Vobiz AI Voice Agent via WebSockets

This integration guide is designed for developers and engineers who wish to build custom AI voice agents directly with Vobiz. It covers everything from high-level architecture to bit-level audio transformations using WebSockets and the Python reference implementation.

Resources:

GitHub Repository: Vobiz-Python-Voice-API-Example Reference Implementation
Primary Language: Python 3.11+
Core Frameworks: FastAPI (HTTP), websockets (WSS), pyngrok (Tunneling)

Architecture & Connectivity

The Split-Server Model

The reference implementation runs two servers concurrently:

FastAPI Server (Port 5000): Handles HTTP Webhooks (`/answer`, `/hangup`) and acts as a WebSocket proxy/gateway.
Agent Server (Port 5001): A dedicated websockets server that maintains the call state and audio stream processing.

Flow Overview

The Vobiz Cloud receives a call to your Phone Number.
An HTTP POST webhook is fired to your /answer route (eg., via Ngrok tunnel).
Your server returns an XML <Stream> response back to Vobiz.
Vobiz initiates a WSS Upgrade Request to your specified WebSocket URL.
Your WSS proxies the connection to your Agent Server locally to establish the Session.
A bidirectional audio stream begins directly between Vobiz and your Agent Server.

Vobiz XML Protocol

Vobiz uses a specialized XML structure to orchestrate calls. These responses must be returned by your /answer endpoint.

The Binary Audio Stream (Primary)

To initiate a bidirectional voice session, return the <Stream> tag.

XML

<?xml version="1.0" encoding="UTF-8"?>
<Response>
    <!-- 
      - bidirectional="true": Enables sound to flow both ways.
      - keepCallAlive="true": Prevents hangup when stream starts.
      - contentType: Defines audio format (G.711 mu-law is standard).
    -->
    <Stream 
        bidirectional="true" 
        keepCallAlive="true" 
        contentType="audio/x-mulaw;rate=8000" 
        statusCallbackUrl="https://your-domain.com/stream-status" 
        statusCallbackMethod="POST">
        wss://your-domain.com/ws
    </Stream>
</Response>

Handling Hangups

You can configure a global Hangup URL in your Vobiz Application settings or specify it per-call in the REST API.

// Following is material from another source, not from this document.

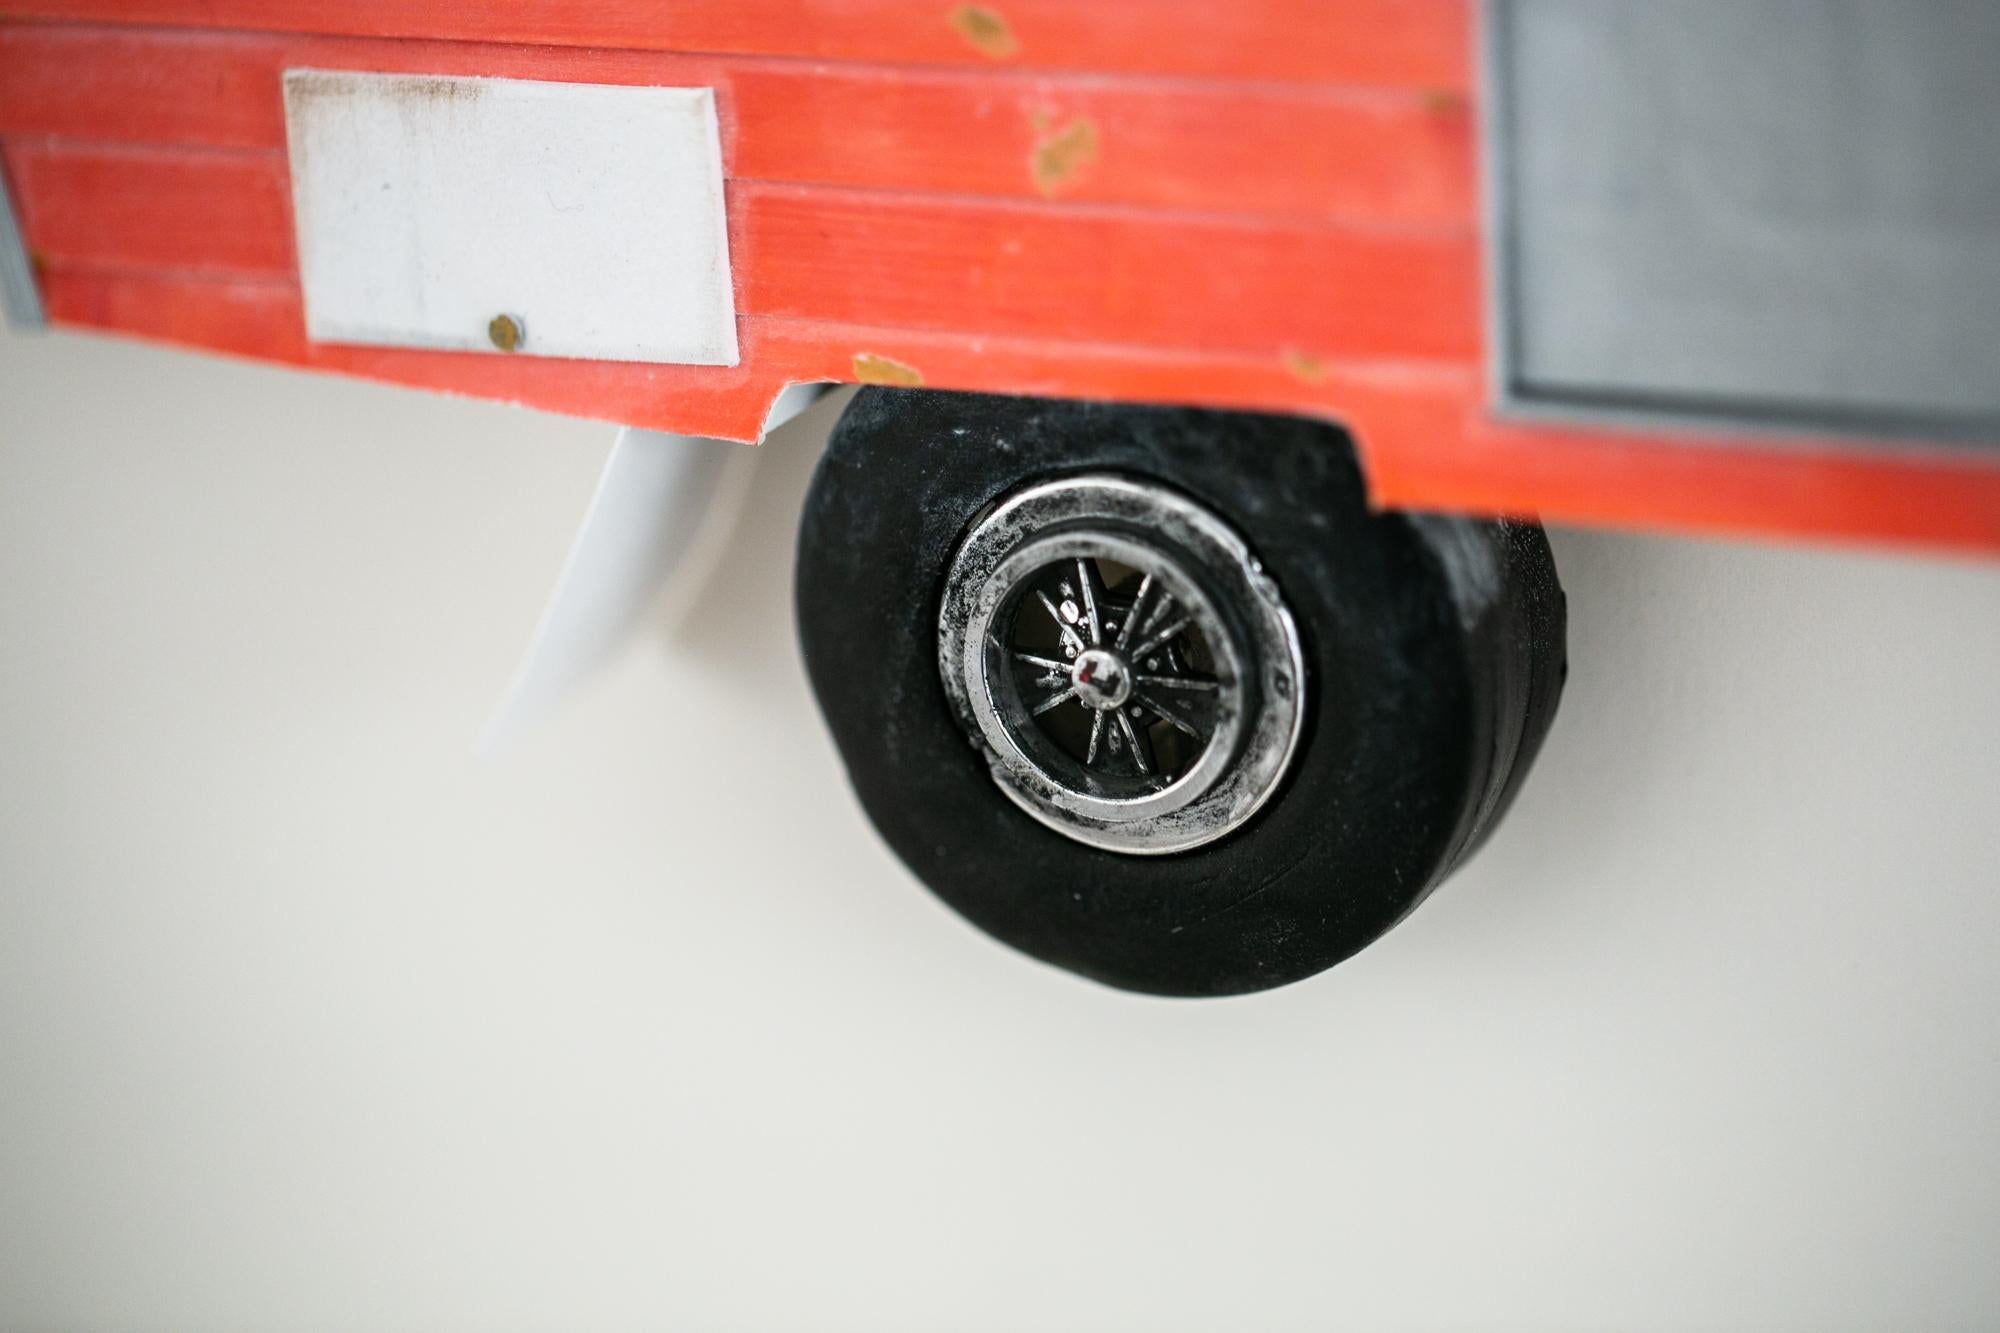 « OVER IT », miniature, chariot de camping van, sculpture en papier - Sculpture de Drew Leshko

Log into the Vobiz Console.
Navigate to Applications.
Edit your voice application.
Set the Hangup URL to https://<your-ngrok-url>/hangup.
Set Hangup Method to POST.

WebSocket Event Documentation

Once the WebSocket handshake is successful, Vobiz and the Agent exchange JSON frames.

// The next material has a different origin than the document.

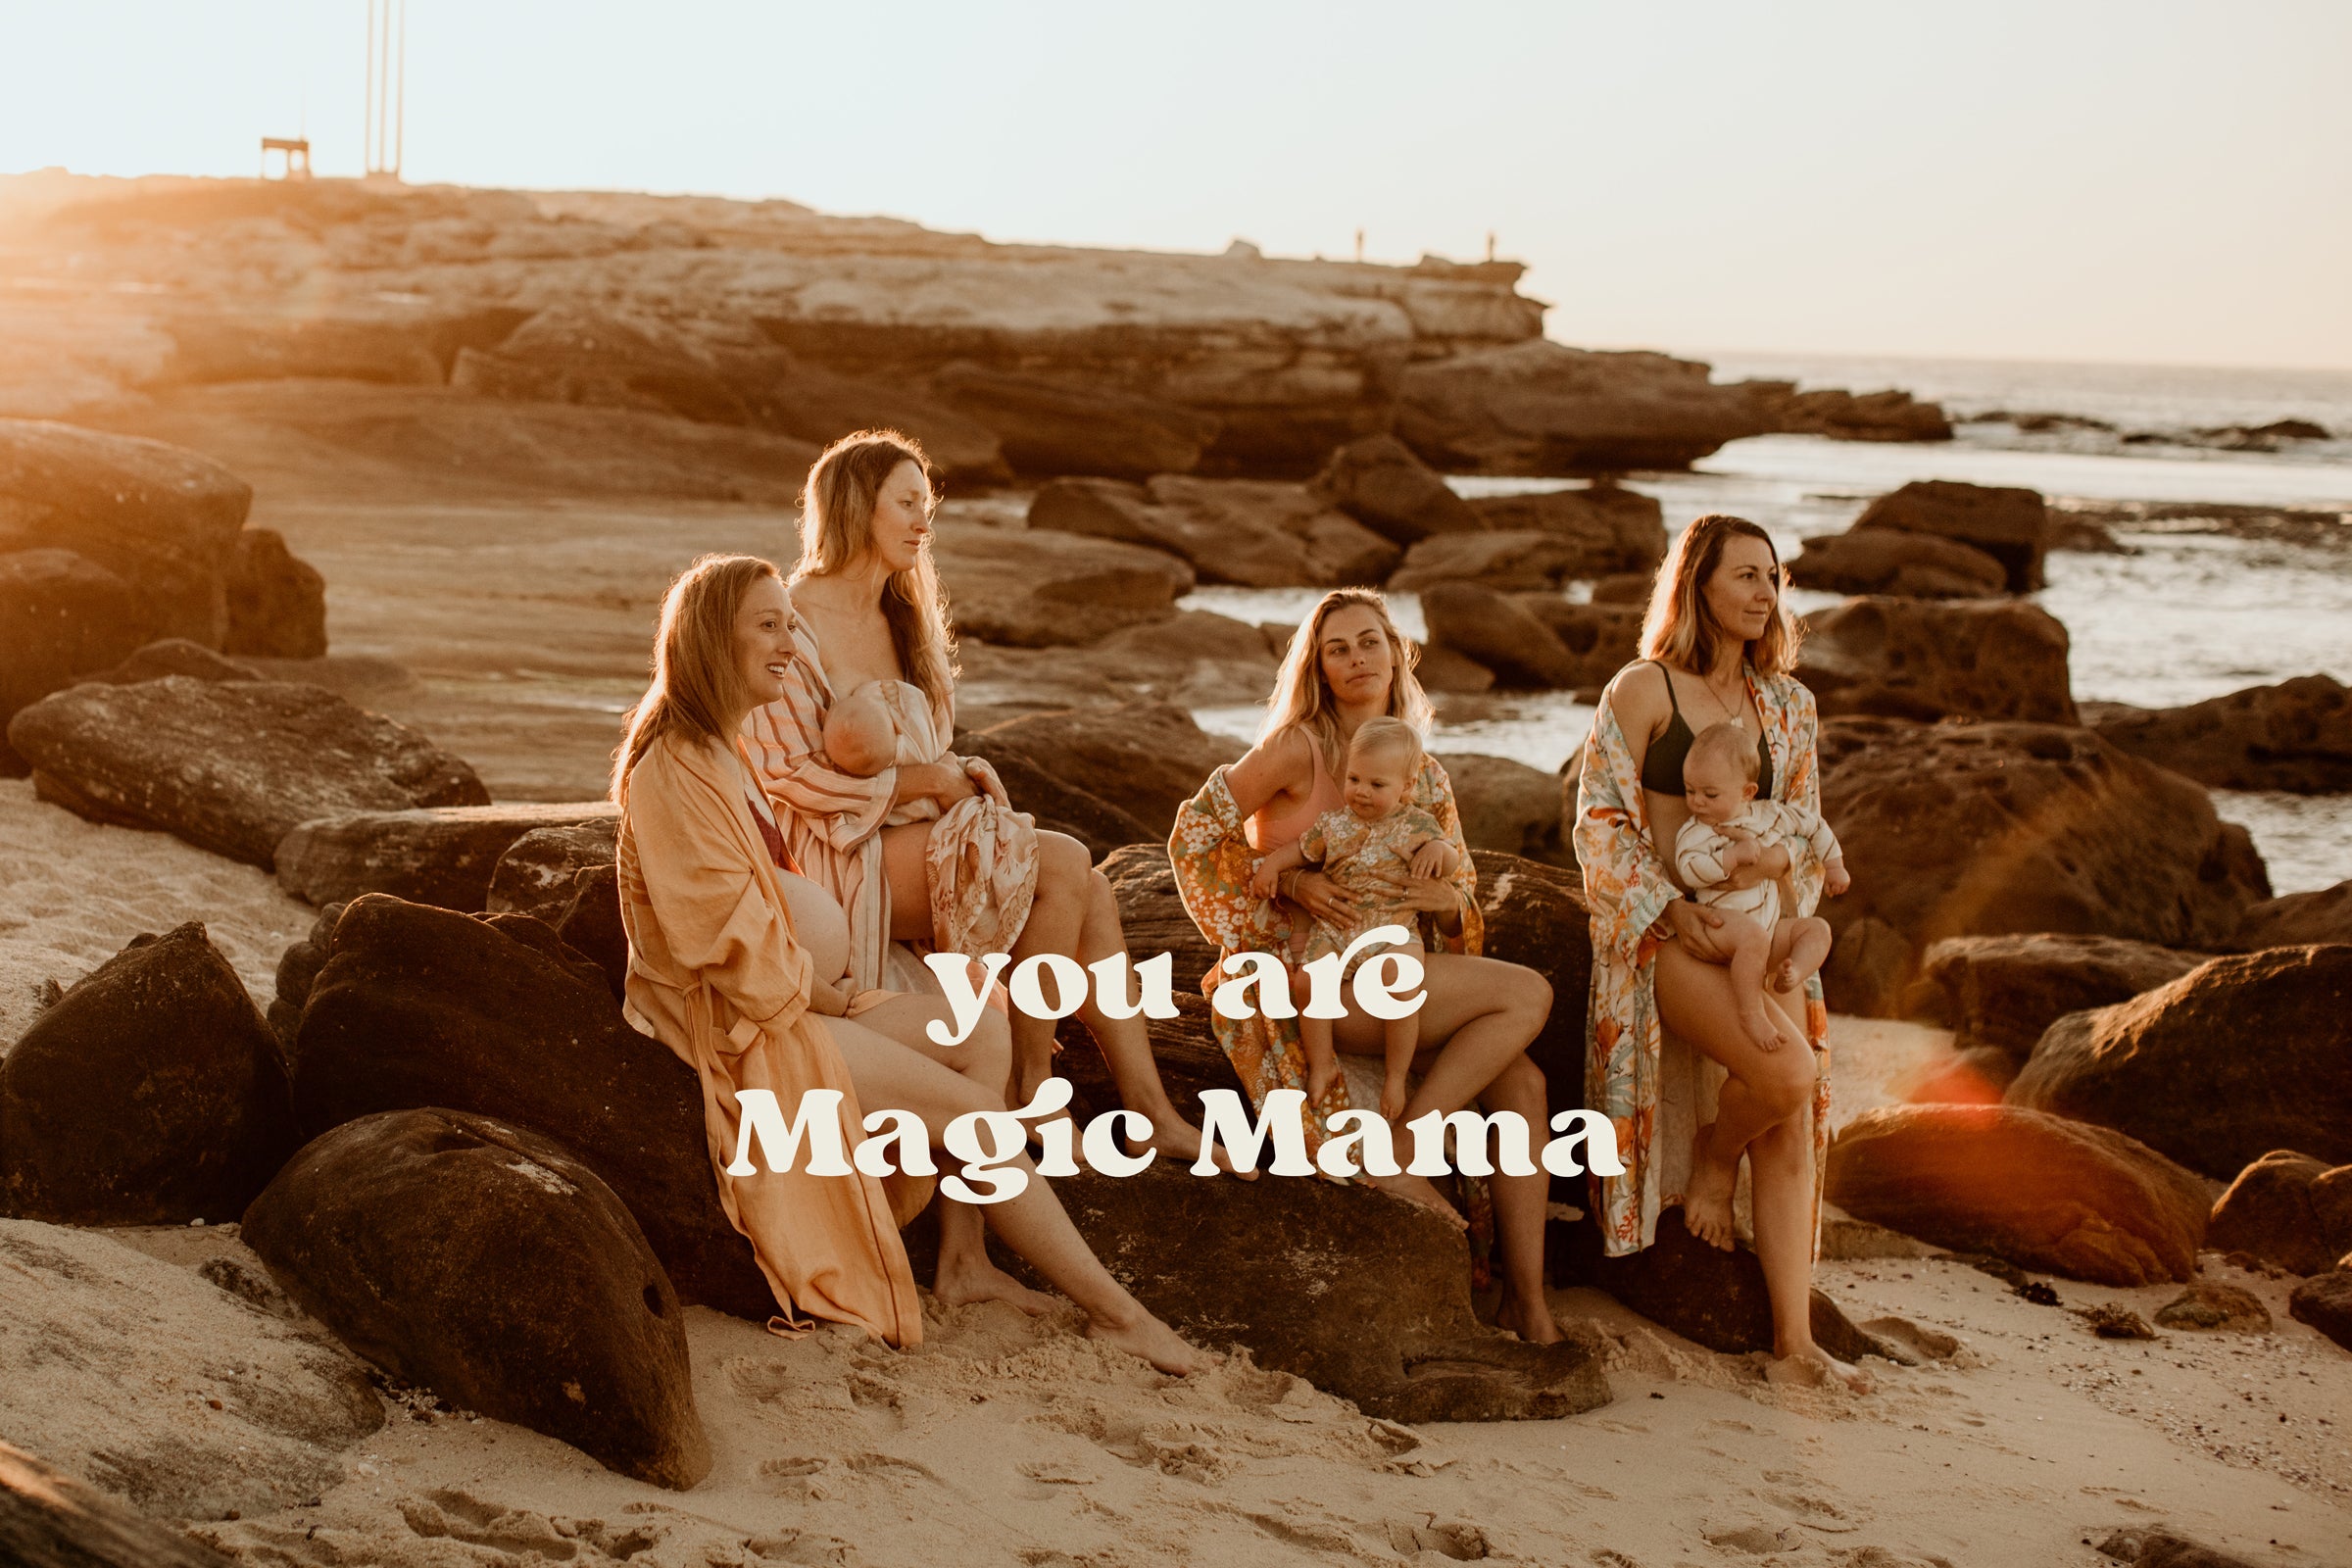 You are Magic Mama

Inbound Events (From Vobiz to Agent)

`start`

Sent once at the beginning of the stream.

JSON

{
  "event": "start",
  "streamId": "s-uuid-123",
  "callId": "c-uuid-456",
  "mediaServer": "vobiz-node-05",
  "metadata": {
    "from": "+19295551212",
    "to": "+18005550199"
  }
}

`media`

Sent every 20ms while the caller is speaking.

JSON

{
  "event": "media",
  "media": {
    "payload": "base64_encoded_8_bit_mulaw_samples",
    "track": "inbound",
    "chunkId": "105"
  }
}

`playedStream`

Sent after the agent's audio reaches a checkpoint.

JSON

{
  "event": "playedStream",
  "streamId": "s-uuid-123",
  "name": "greeting_complete"
}

`stop`

Sent when the call ends or the stream is closed by Vobiz.

JSON

{
  "event": "stop",
  "streamId": "s-uuid-123"
}

Outbound Events (From Agent to Vobiz)

`playAudio`

Commands Vobiz to play sound to the caller.

JSON

{
  "event": "playAudio",
  "media": {
    "contentType": "audio/x-mulaw",
    "sampleRate": 8000,
    "payload": "base64_mulaw_bytes"
  }
}

`clearAudio`

Immediately stops all pending audio in the Vobiz buffer. Crucial for Barge-in (interruption).

JSON

{
  "event": "clearAudio",
  "streamId": "s-uuid-123"
}

`checkpoint`

Inserts a marker in the stream. Can be used to track progress of TTS delivery.

JSON

{
  "event": "checkpoint",
  "streamId": "s-uuid-123",
  "name": "step_2_instructions"
}

Audio Engineering Deep-Dive

Telephony uses the G.711 standard. Modern AI outputs high-fidelity PCM, which must be downgraded for the phone network.

G.711 Mu-law (PCMU)

Sample Rate: 8000 Hz (8kHz)
Bit Depth: 8-bit
Compression: Logarithmic (companding)

The Conversion Pipeline in `agent.py`

Synthesis: AI TTS tools often return 16-bit PCM at 24,000 Hz or similar.
Downsampling: We use linear interpolation to drop from 24kHz to 8kHz.
Companding: Each 16-bit linear sample is converted to an 8-bit mu-law byte using bitmasks and shift operations to prioritize audible frequencies.
Packetization: Audio is sent in 160-byte chunks, representing exactly 20 milliseconds of speech.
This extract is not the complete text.